Dual-Stream Attention Mechanism
The gated cross-attention mechanism allows PoultryLeX-Net to capture both local and long-range semantic dependencies, enhancing its contextual understanding and sentiment analysis capabilities.
Demerits
Limited Generalizability
The study's focus on a specific industry and dataset may limit the applicability of PoultryLeX-Net to other domains and datasets, requiring further evaluation and adaptation.

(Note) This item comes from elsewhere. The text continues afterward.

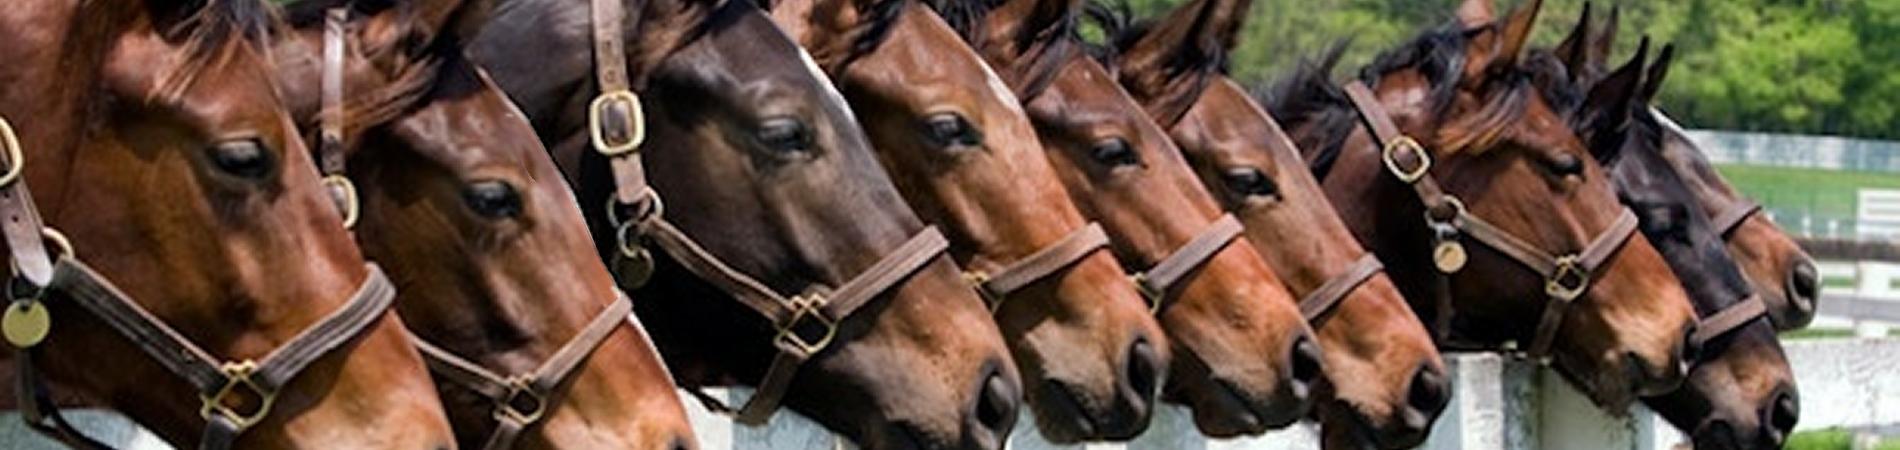 HorseFaces
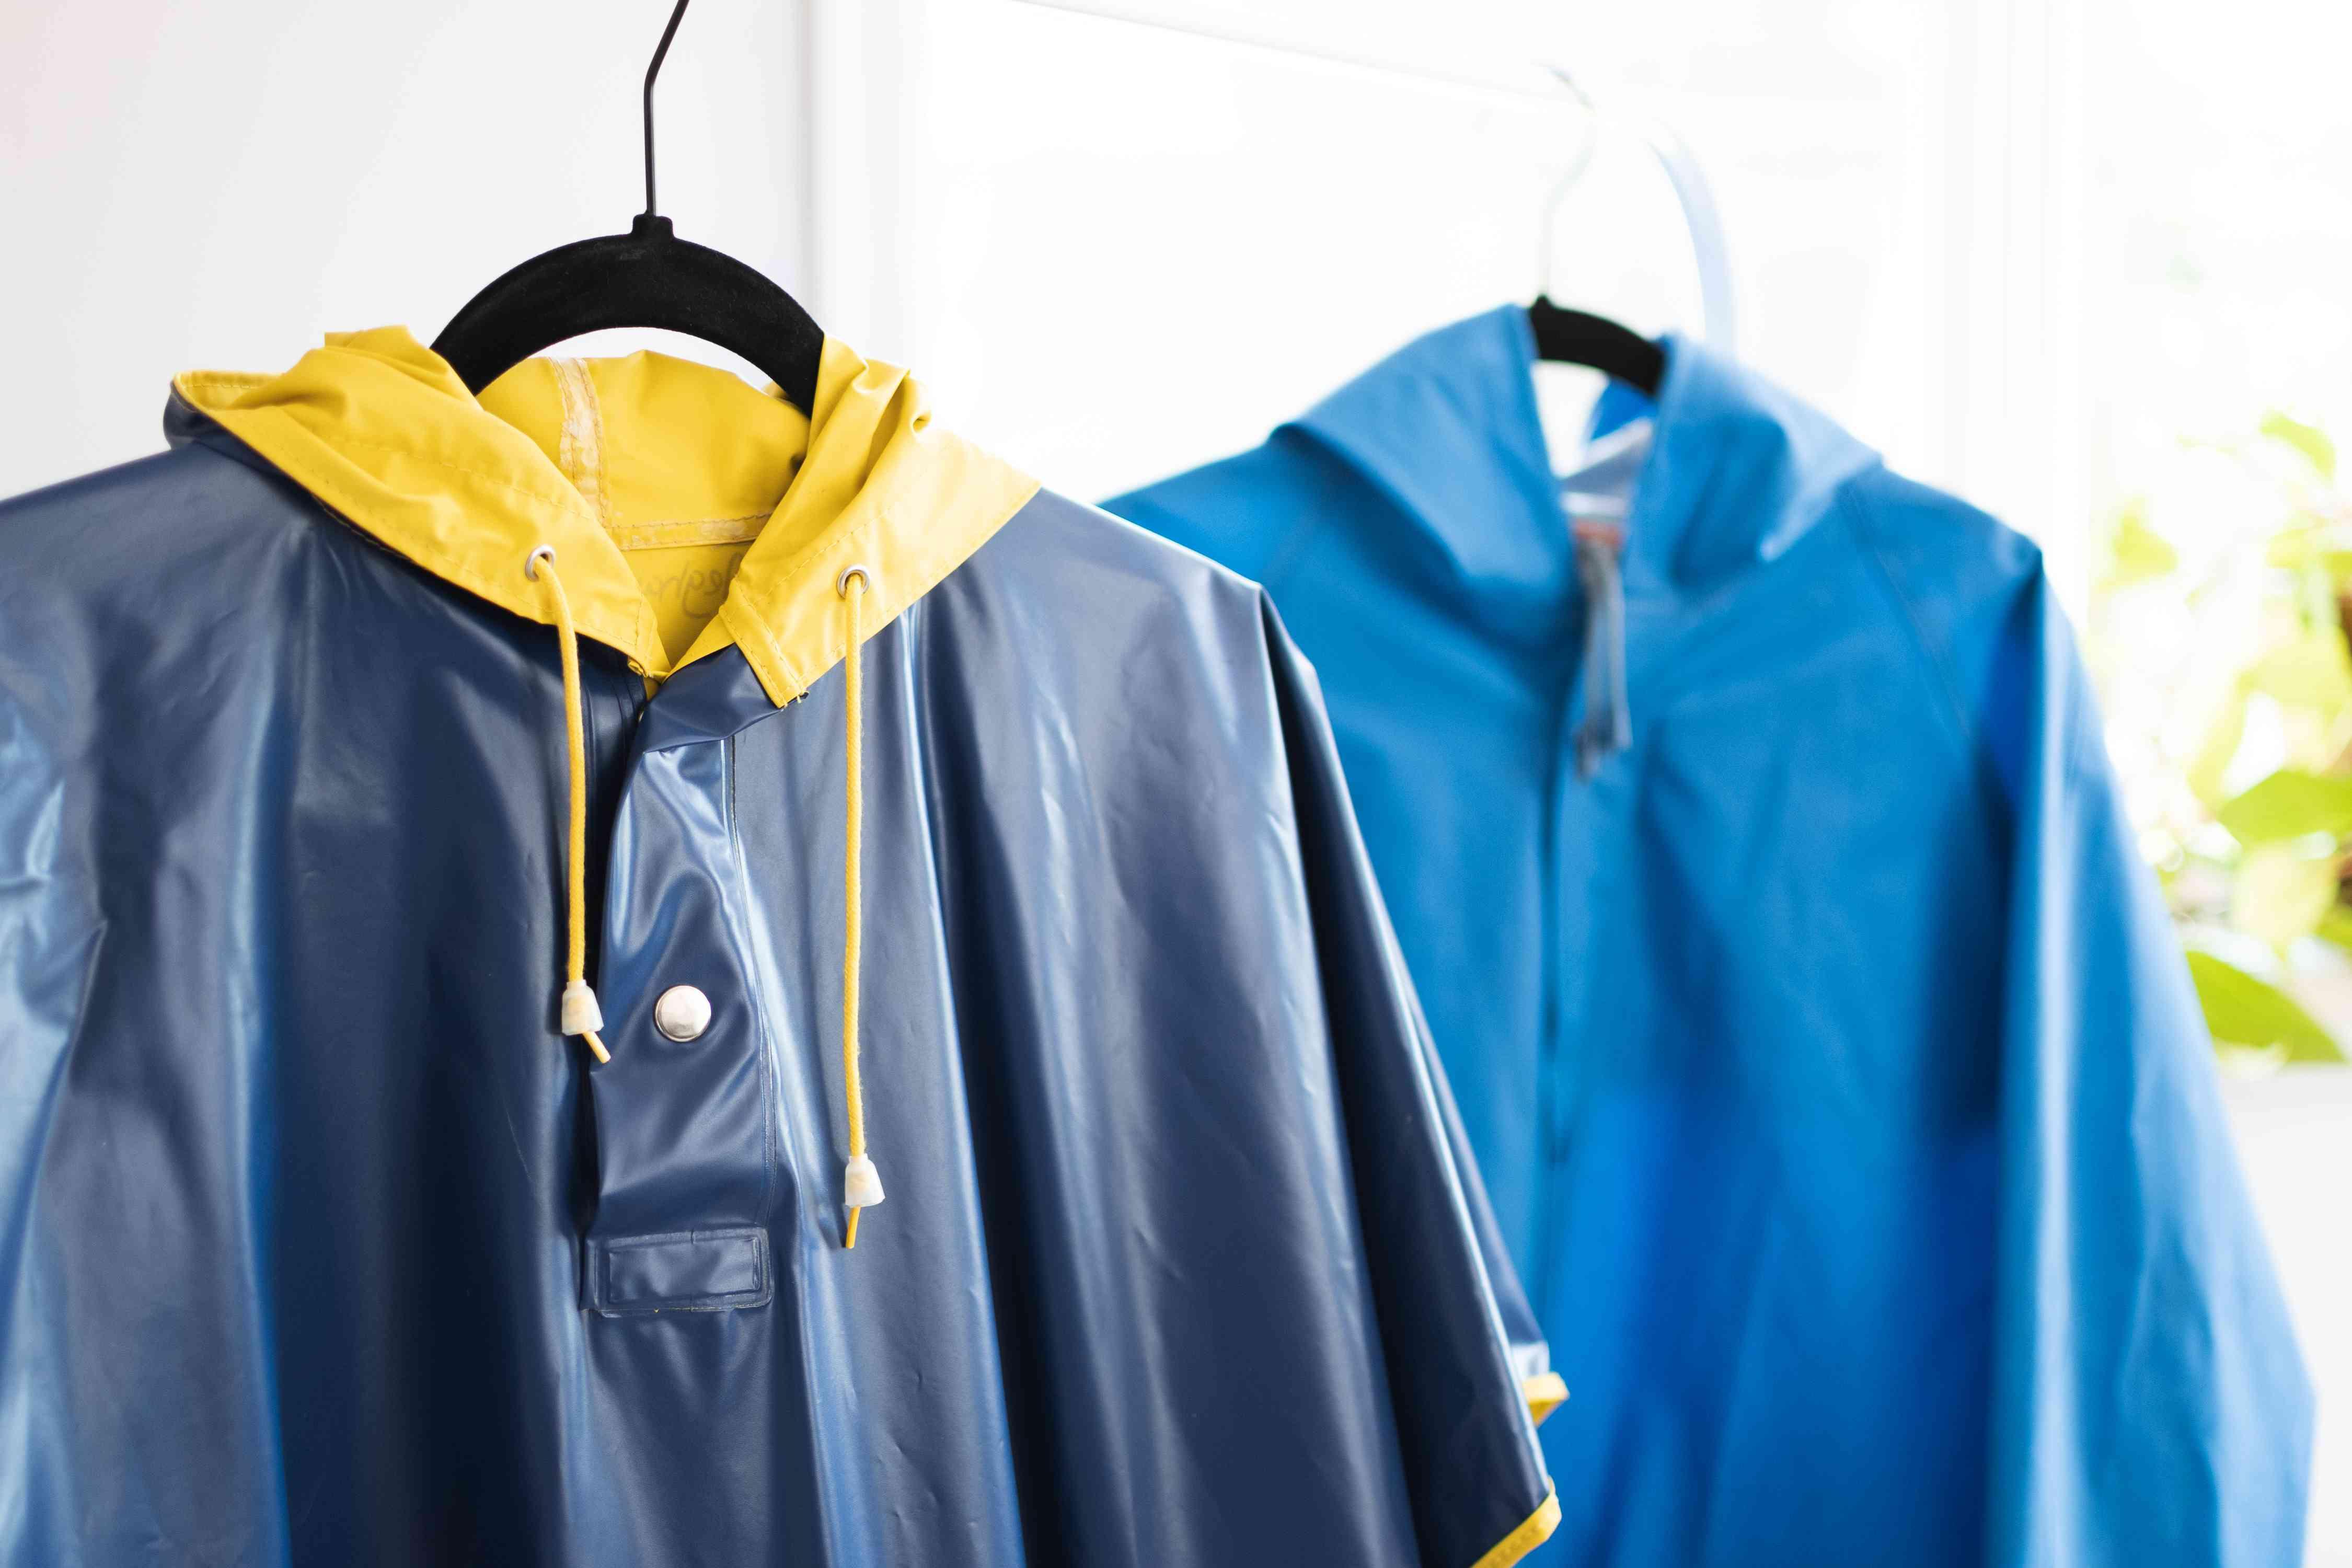 Vinyl and rubber rain coats hanging on black hangers

Dependence on High-Quality Training Data
PoultryLeX-Net's performance is heavily dependent on the quality and quantity of the training data, which may not always be available or representative of the real-world scenario.
Expert Commentary
The proposed PoultryLeX-Net framework demonstrates a significant improvement in sentiment classification performance, particularly in the poultry industry. However, the study's limitations, such as dependence on high-quality training data and limited generalizability, require careful consideration. Future work should focus on adapting PoultryLeX-Net to other domains and datasets, as well as exploring its potential applications in other industries. Additionally, the study's policy implications highlight the need for further research on the impact of sentiment analysis on industry practices and policy decisions.
Recommendations
- ✓ Future studies should focus on adapting PoultryLeX-Net to other domains and datasets to evaluate its generalizability and potential applications.
- ✓ Researchers should explore the potential applications of PoultryLeX-Net in other industries, such as agriculture, food processing, and animal welfare.